* Supplied material
__________________________________________________

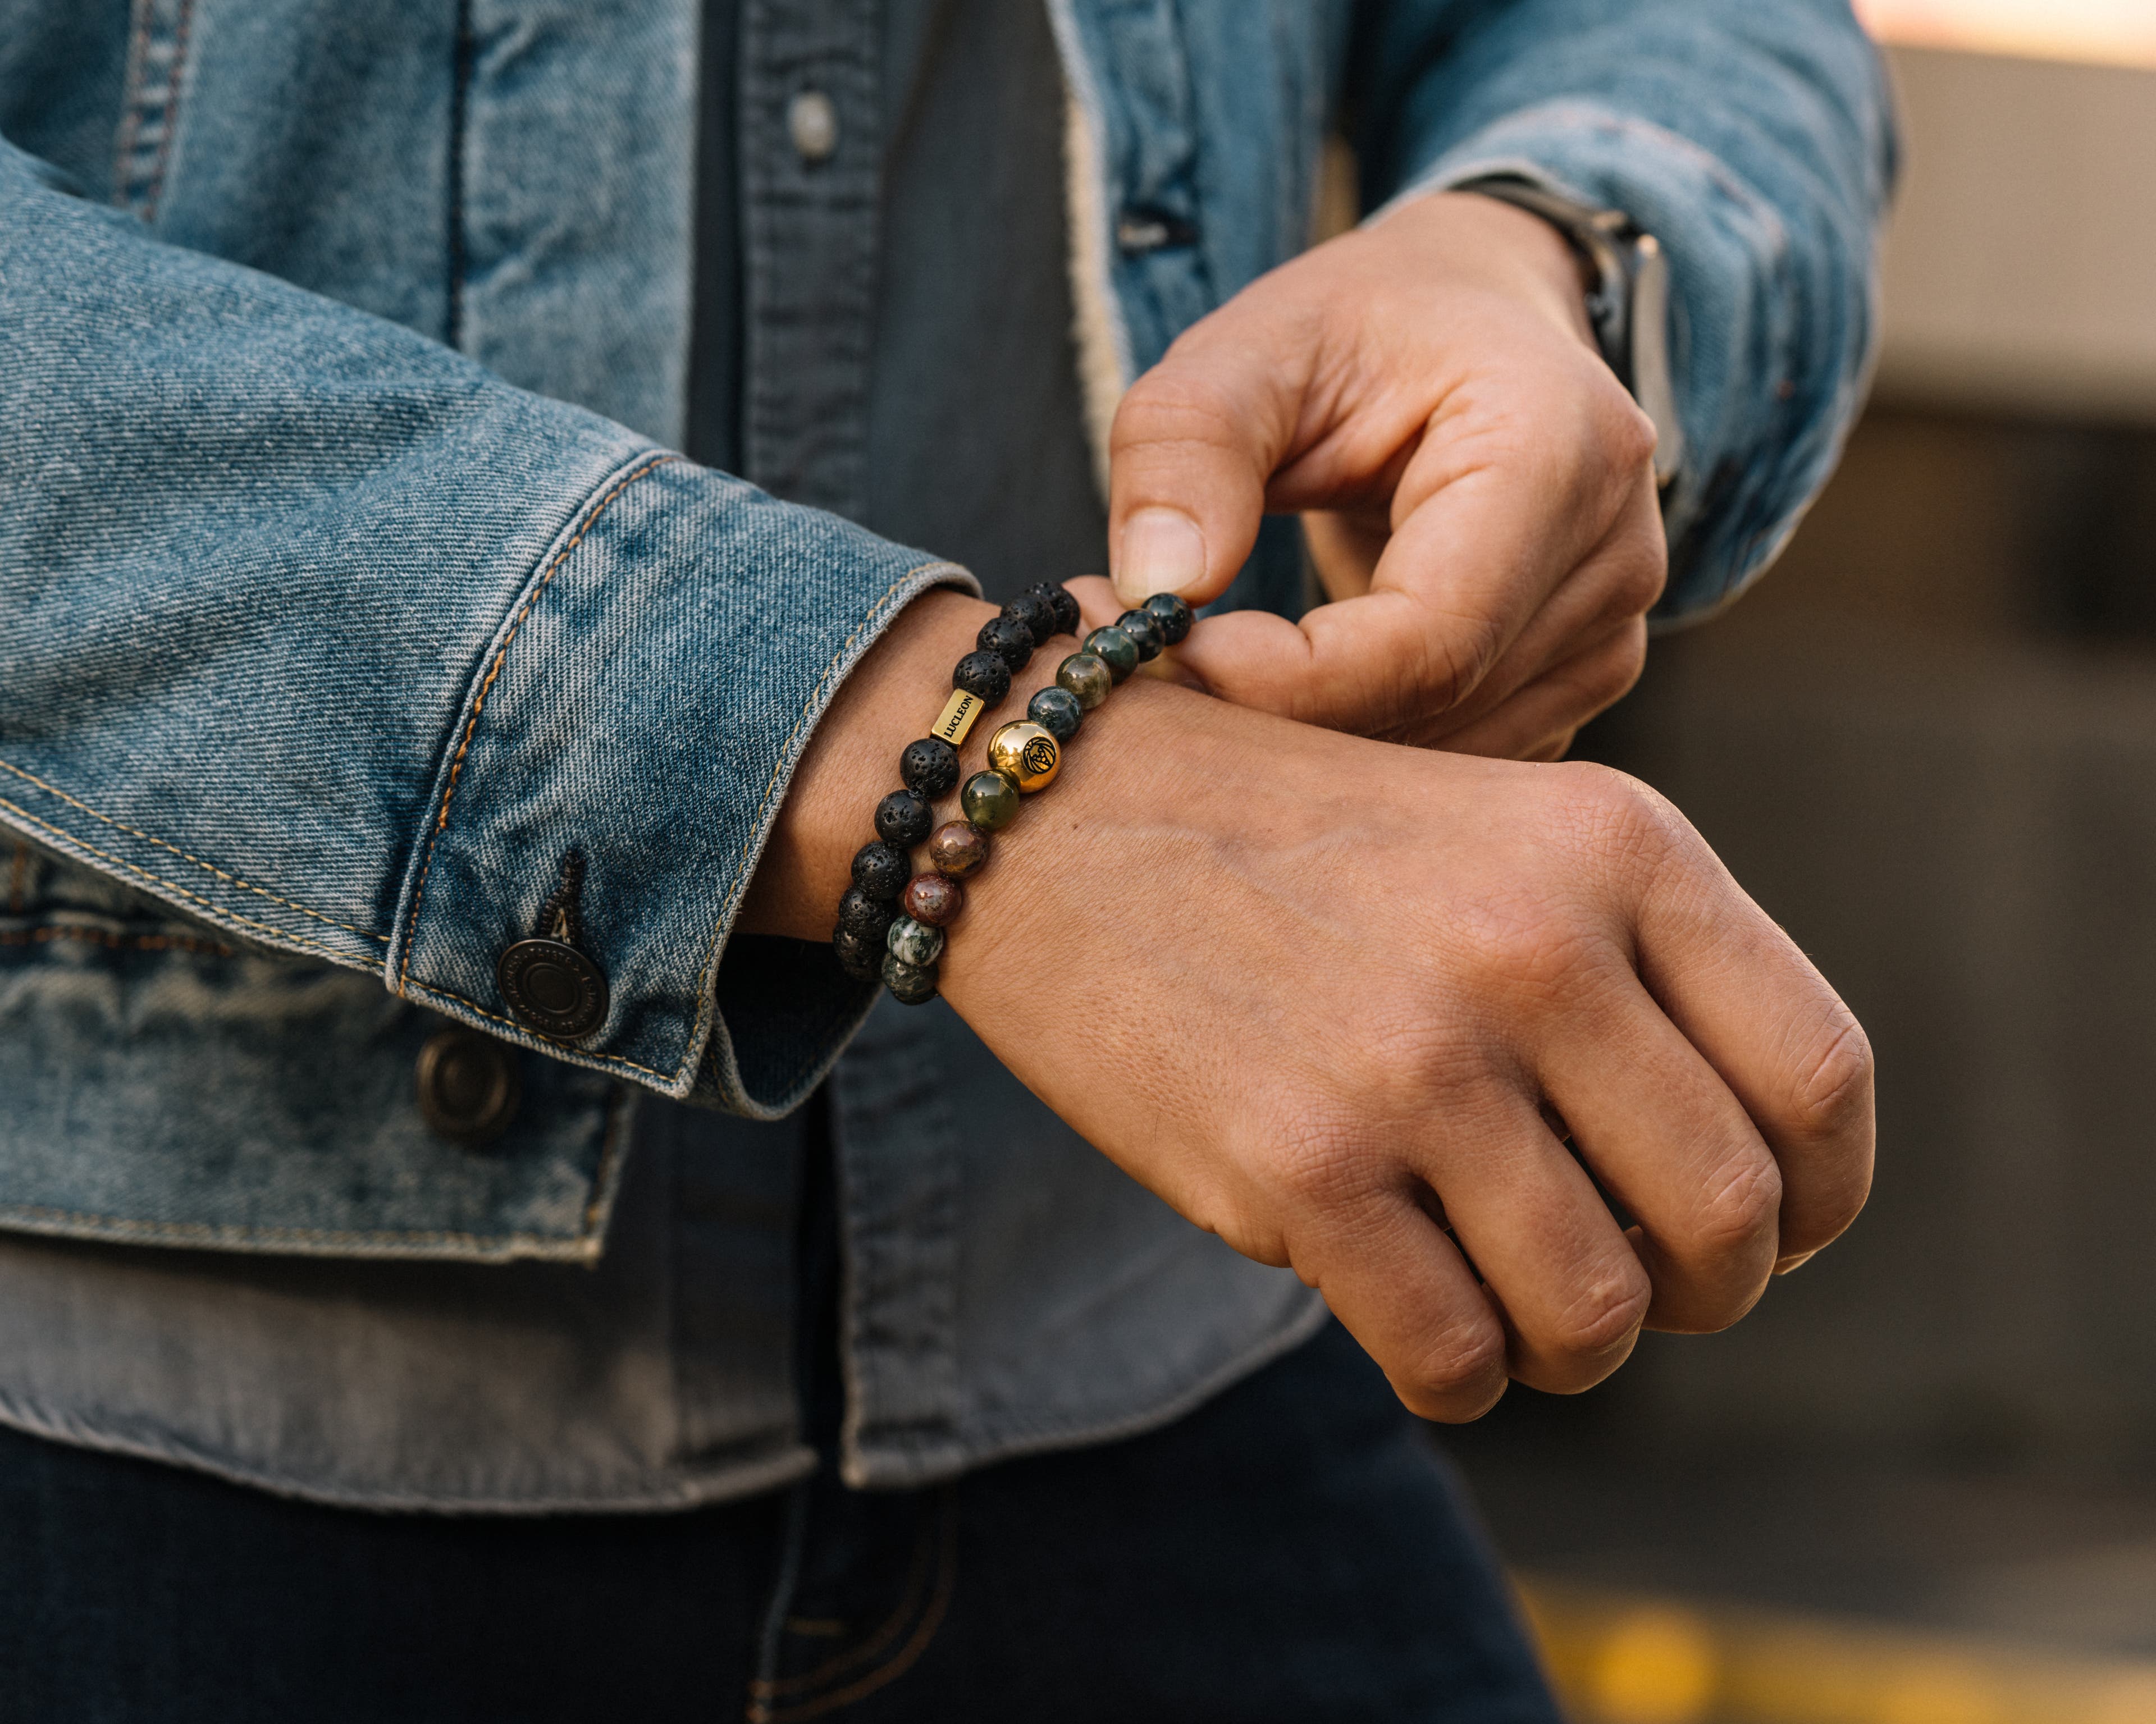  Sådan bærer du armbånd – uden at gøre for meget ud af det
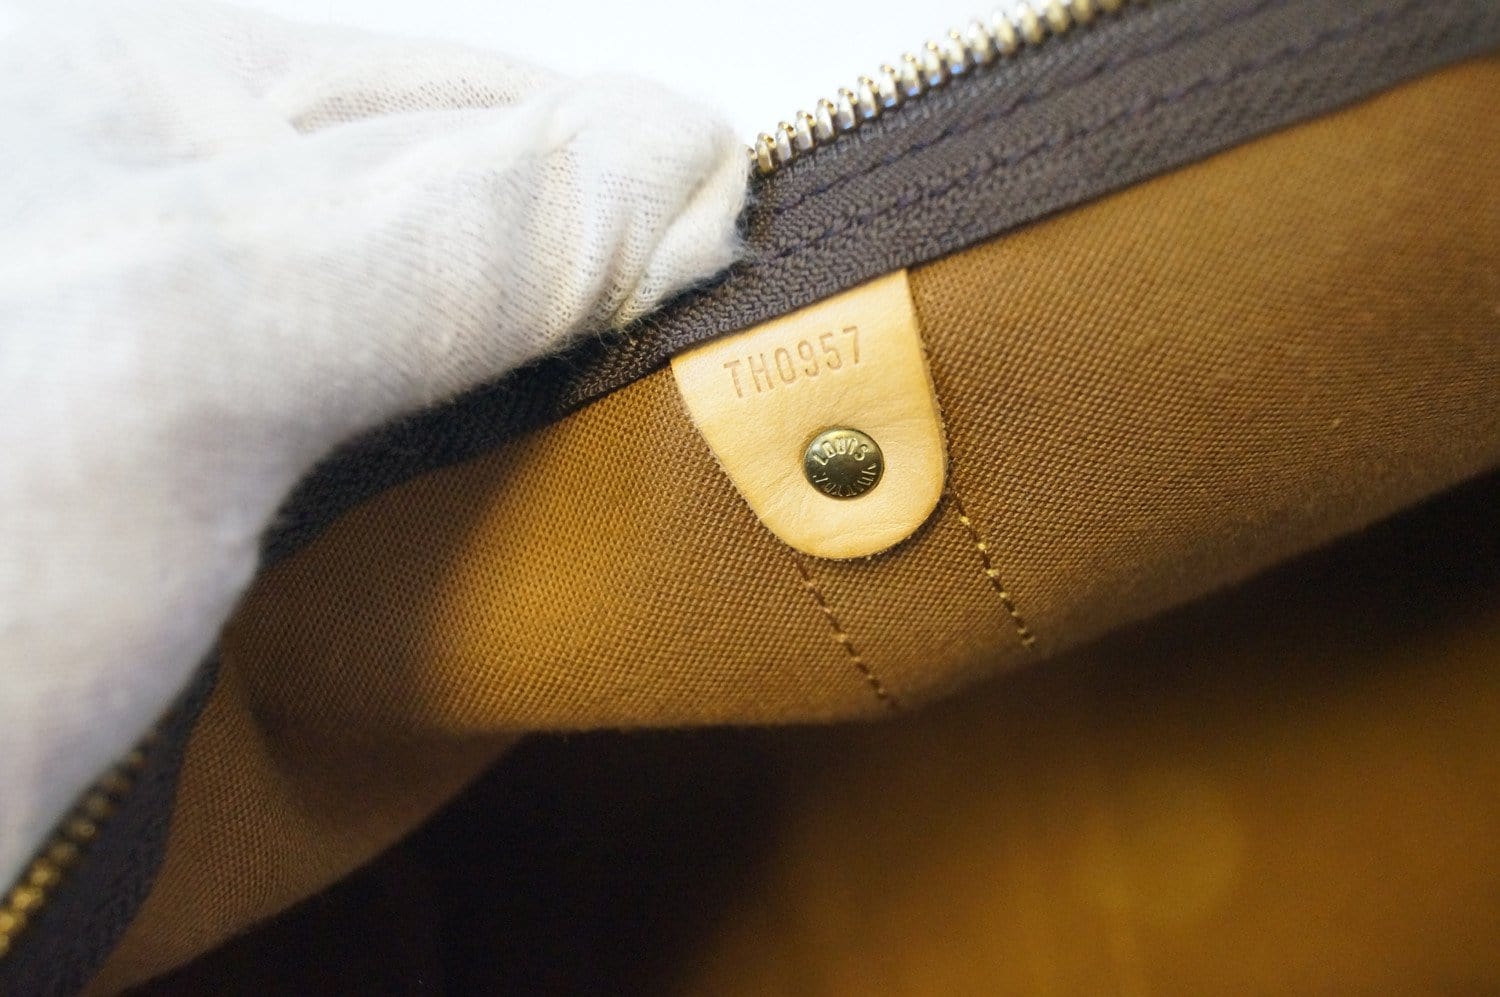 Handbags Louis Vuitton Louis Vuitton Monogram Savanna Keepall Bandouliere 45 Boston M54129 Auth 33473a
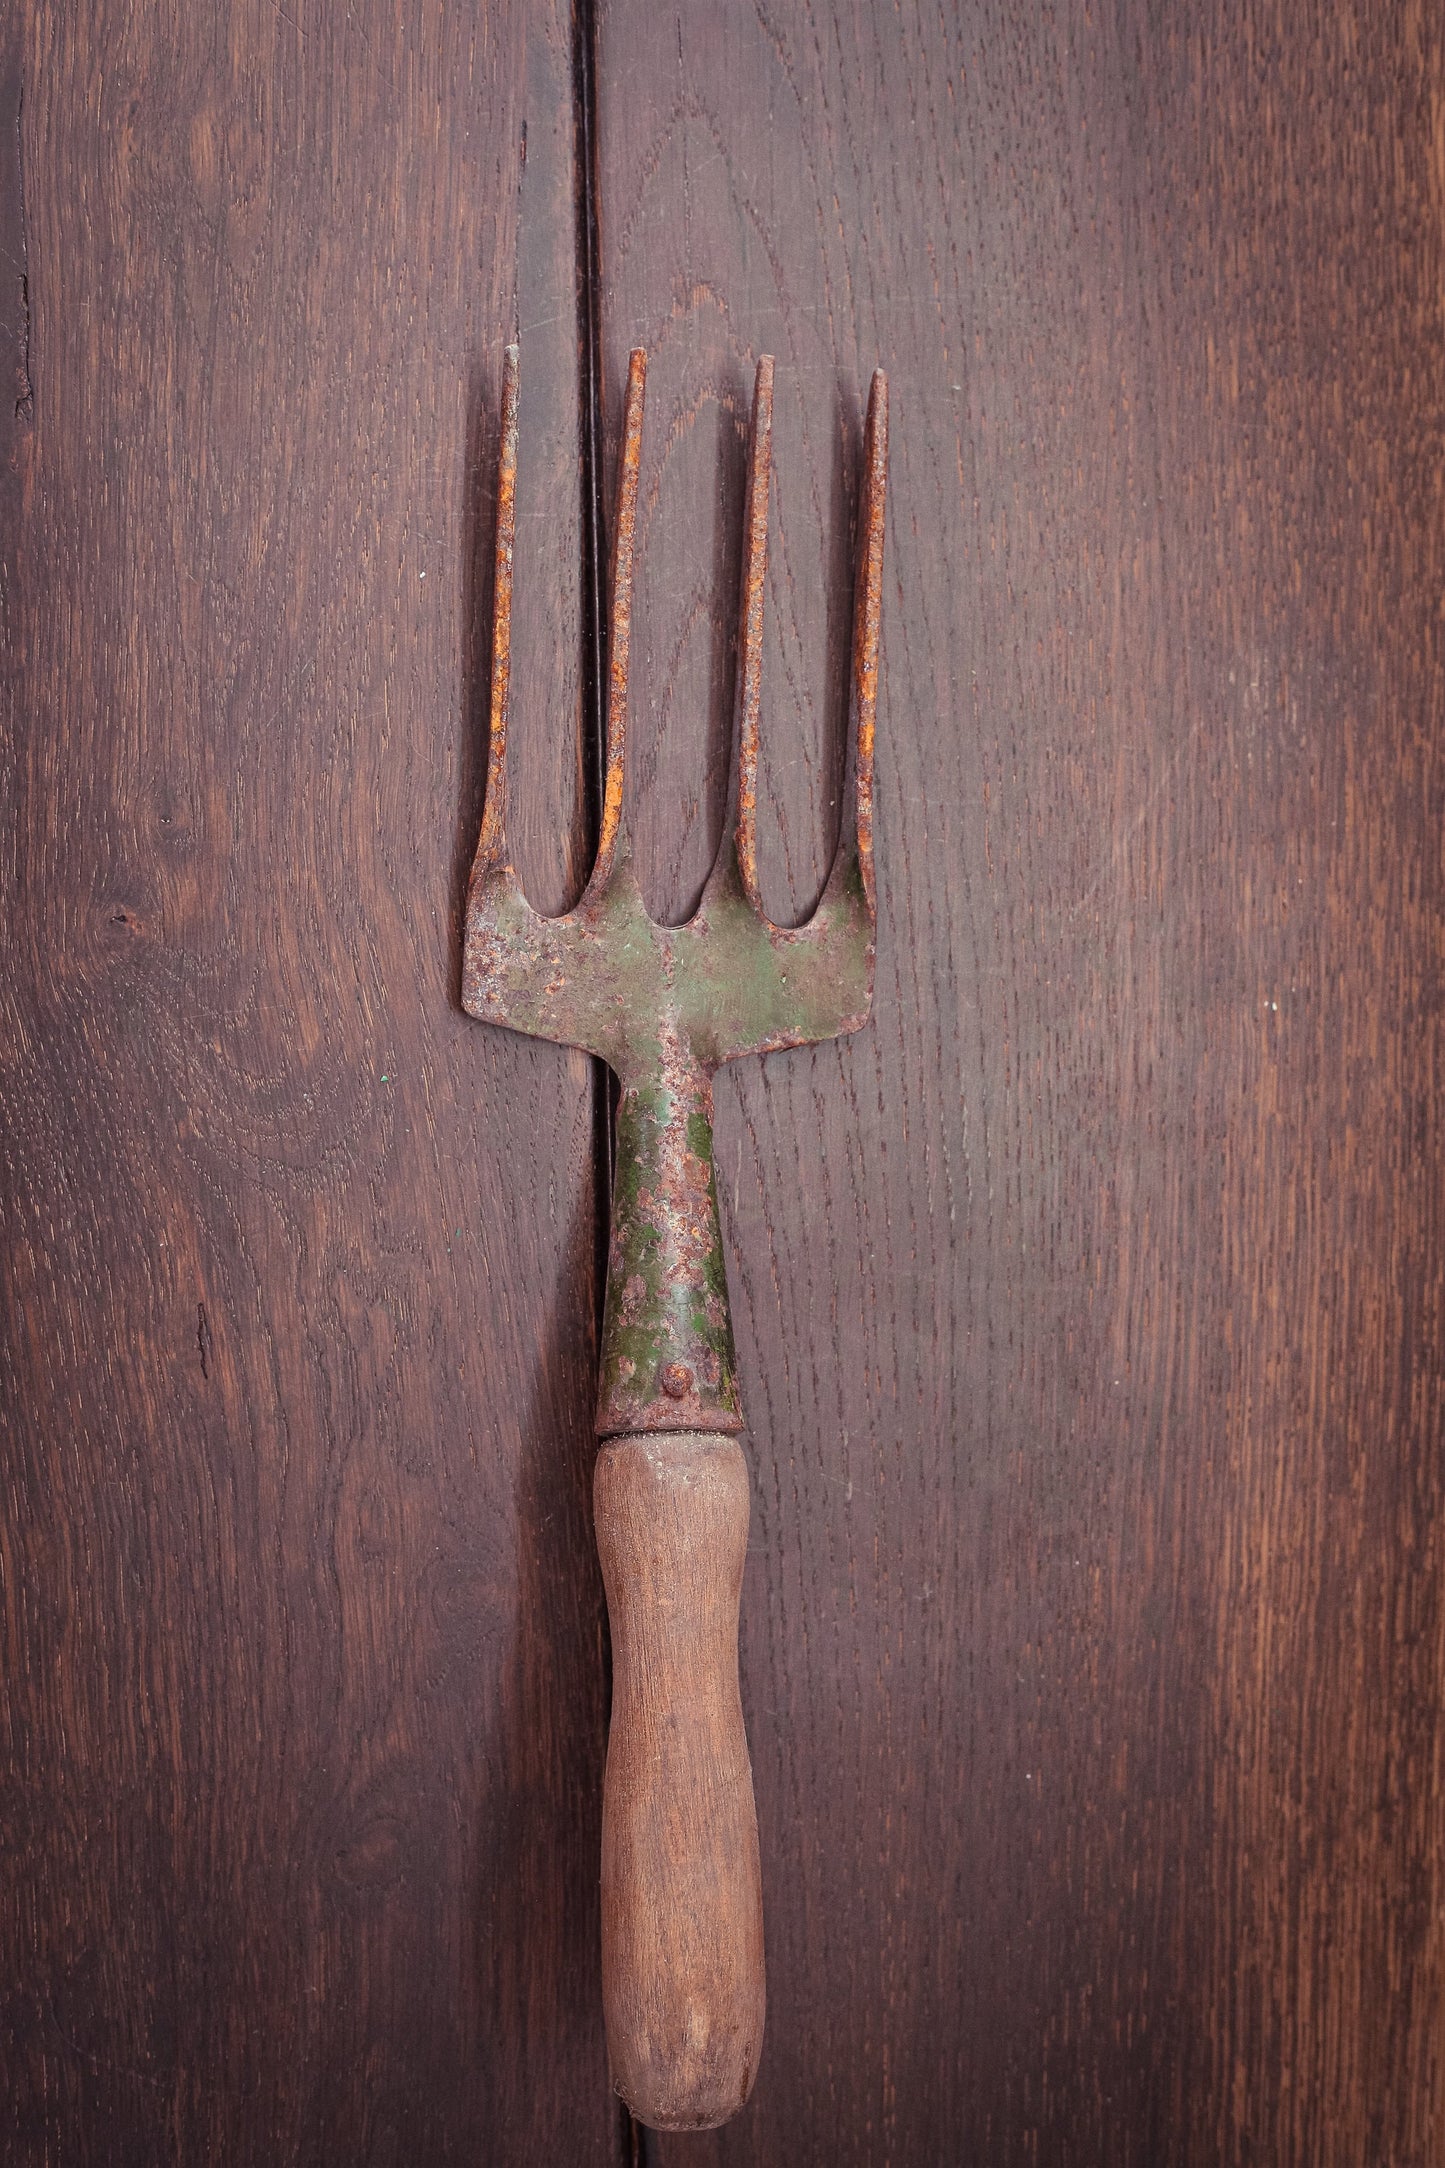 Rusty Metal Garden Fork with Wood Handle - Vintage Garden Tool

__________________________________________________

* What is expected
All the lines above must be written out exactly, without a single picture.

* Response
  Sådan bærer du armbånd – uden at gøre for meget ud af det
 Handbags Louis Vuitton Louis Vuitton Monogram Savanna Keepall Bandouliere 45 Boston M54129 Auth 33473a
 Rusty Metal Garden Fork with Wood Handle - Vintage Garden Tool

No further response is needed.